I’ve already outlined my first objection – that the column isn’t the product of anonymous contributions as is claimed – and my second objection, that the column is poorly-researched, I’ll explain by way of elaborating on my comment on the ‘Exam Invigilator’ – you can read the original column here. This, as I mentioned in my retaliatory tweet, is outdated nonsense. The writer’s comment that ‘[t]his is the sharp end of the educational treadmill: three years of study distilled into a few hours of pure pressure’ refers to the kind of university finals that just don’t exist anymore – not outside of Oxford, Cambridge and possibly Durham anyway. Nowadays, most undergraduate programmes are assessed by means of appropriately weighted coursework submitted over a three-year period. And the invigilator’s final comment too is a piece of pure poppycock: he or she writes ‘[s]o am I a fan of exams as a method of assessment? Yes, sure. Without them, I wouldn’t have a job’. A moment’s thought is surely enough for most people to work out that no one can make a living as an exam invigilator. Exams take place once or twice a year and the pay for invigilators is minimal. I know this because I work in university administration and it’s part of my job to organise exam invigilators. They’re often PhD students looking to make few bob on the side – about sixteen quid, usually. I’d like to know how our Guardian Exam Invigilator survives for a whole year on just sixteen quid. My conclusion? This column is poorly-researched bollocks.

But I haven’t finished yet. My third and – for now – final objection harks back to the question of stereotypes I mentioned earlier. The Guardian Weekend team seem to be on a mission to persuade readers not to judge people by the job they do. Nothing wrong with that – a person is not their job, after all. People do the work they do for all sorts of reasons. But if you could believe what you read in this magazine, you’d be led into thinking that every person in a job obviously considered menial by the Guardian Weekend editorial team is actually a university student just filling in time and earning a bit of pocket money. The shelf-stacker tells us that ‘[w]hen I hear you shout, “Oi you, over here” in my direction, I smile and put down the crate of bottles I’m unpacking. I’m thinking, at least I’m studying for a science degree and I’ll soon be out of here’, and the call centre worker joins in with ‘[t]he thing is, the job’s not bad, your stories make for good anecdotes, oh, and I’m going back to university next week’. Well, I have news for the editorial team. Some people do these jobs all the time – yes, all the time. Why are their voices not represented? You see, the column is headed with a definite, not an indefinite article: the shelf-stacker, the call centre worker, the supermarket delivery driver, the effect of which is to induce us to believe that the words which follow are representative of every single member of the profession in question and not just a single spotty student whiling away the summer months in Asda.

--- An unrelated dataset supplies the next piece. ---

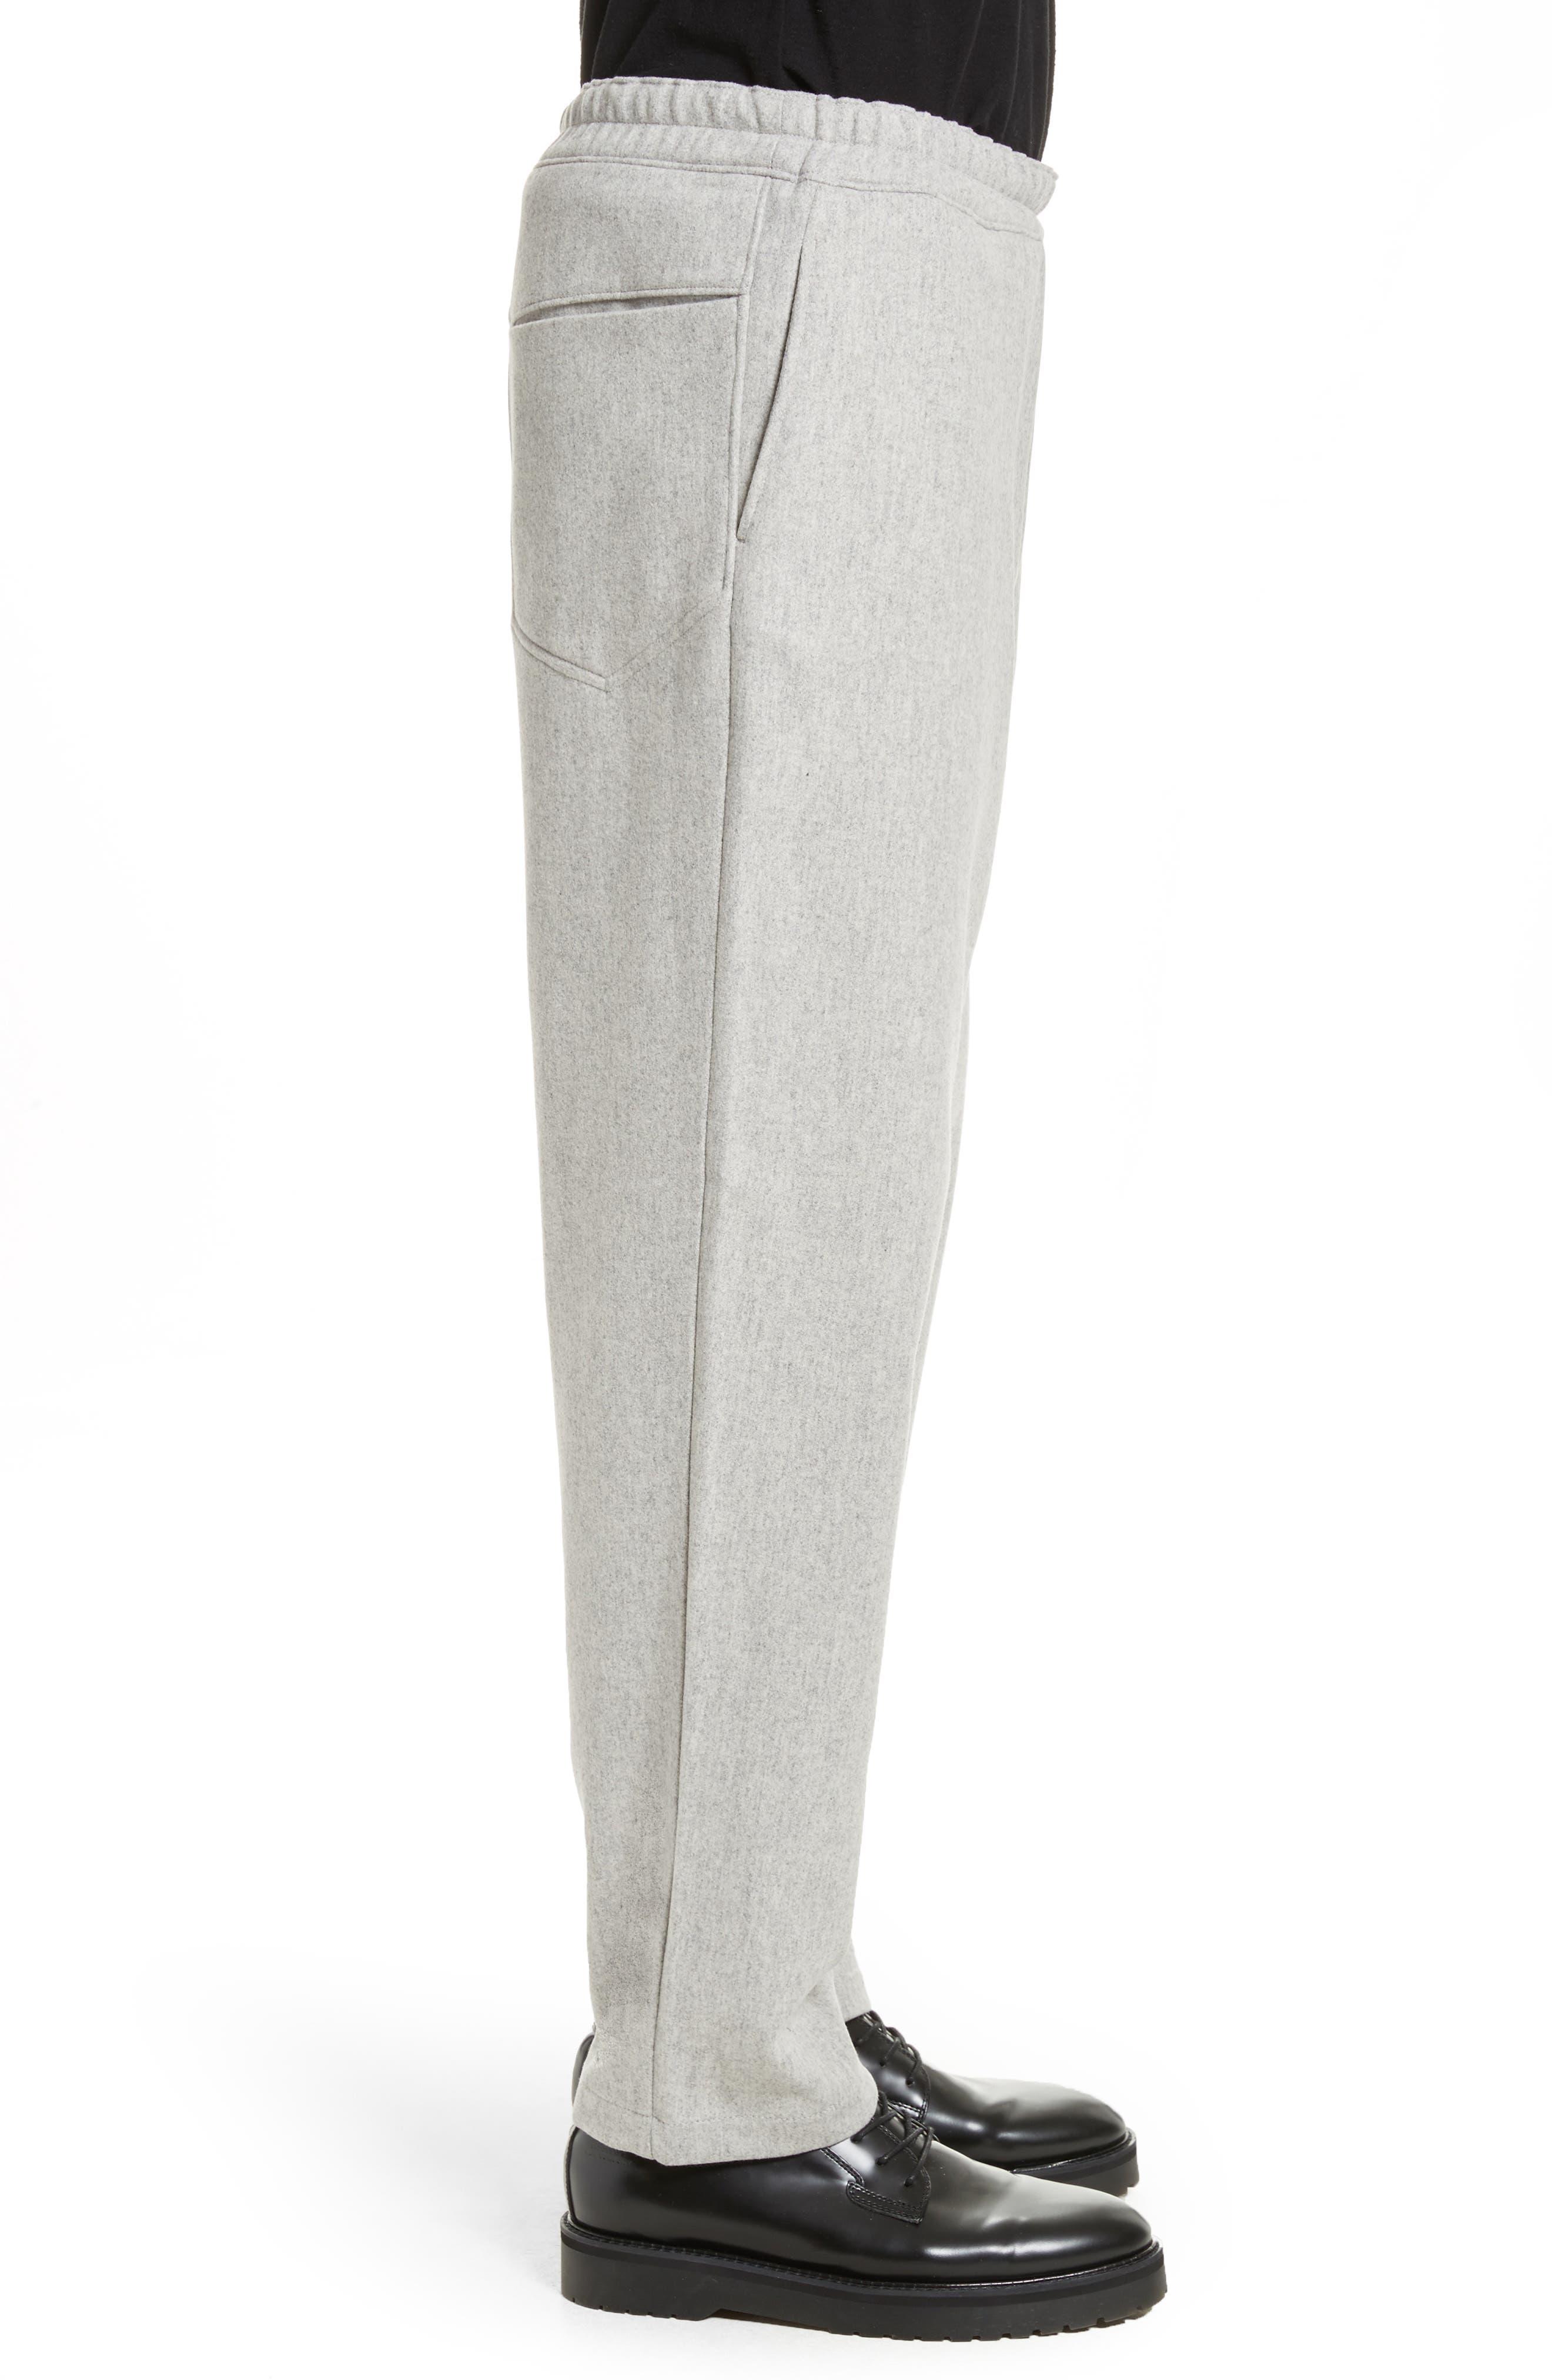 Mélange Wool Blend Trousers,                             Alternate thumbnail 4, color,                             020

Clearly the Guardian wants us to replace the notion that people do certain jobs because they do not have a university degree with another equally damaging assumption that everyone is really a budding Stephen Hawking in the making. Surely someone, somewhere amongst the editorial team must have some idea how patronising this is. But I’m guessing that person isn’t the Little Miss Pert-Arsed Prissy Pants who ‘actually’-ed me.

By way of afterword, and plonking myself firmly in Hypocrite’s Corner, it’s only fair to point out how much I enjoyed the outpouring of venom from Guardian readers that greeted the GP’s Receptionist when it was her turn to contribute a column. The Letters page the following week was full of it. I was enormously cheered by this because I have in the past been reduced to sobbing down the phone when trying to reason with a cow-bag receptionist who ‘[found] it hard to care about a bladder infection’ and it was only when I threatened to go to A&E that the doctor intervened and made her give me an appointment. Yeah! Suck on that!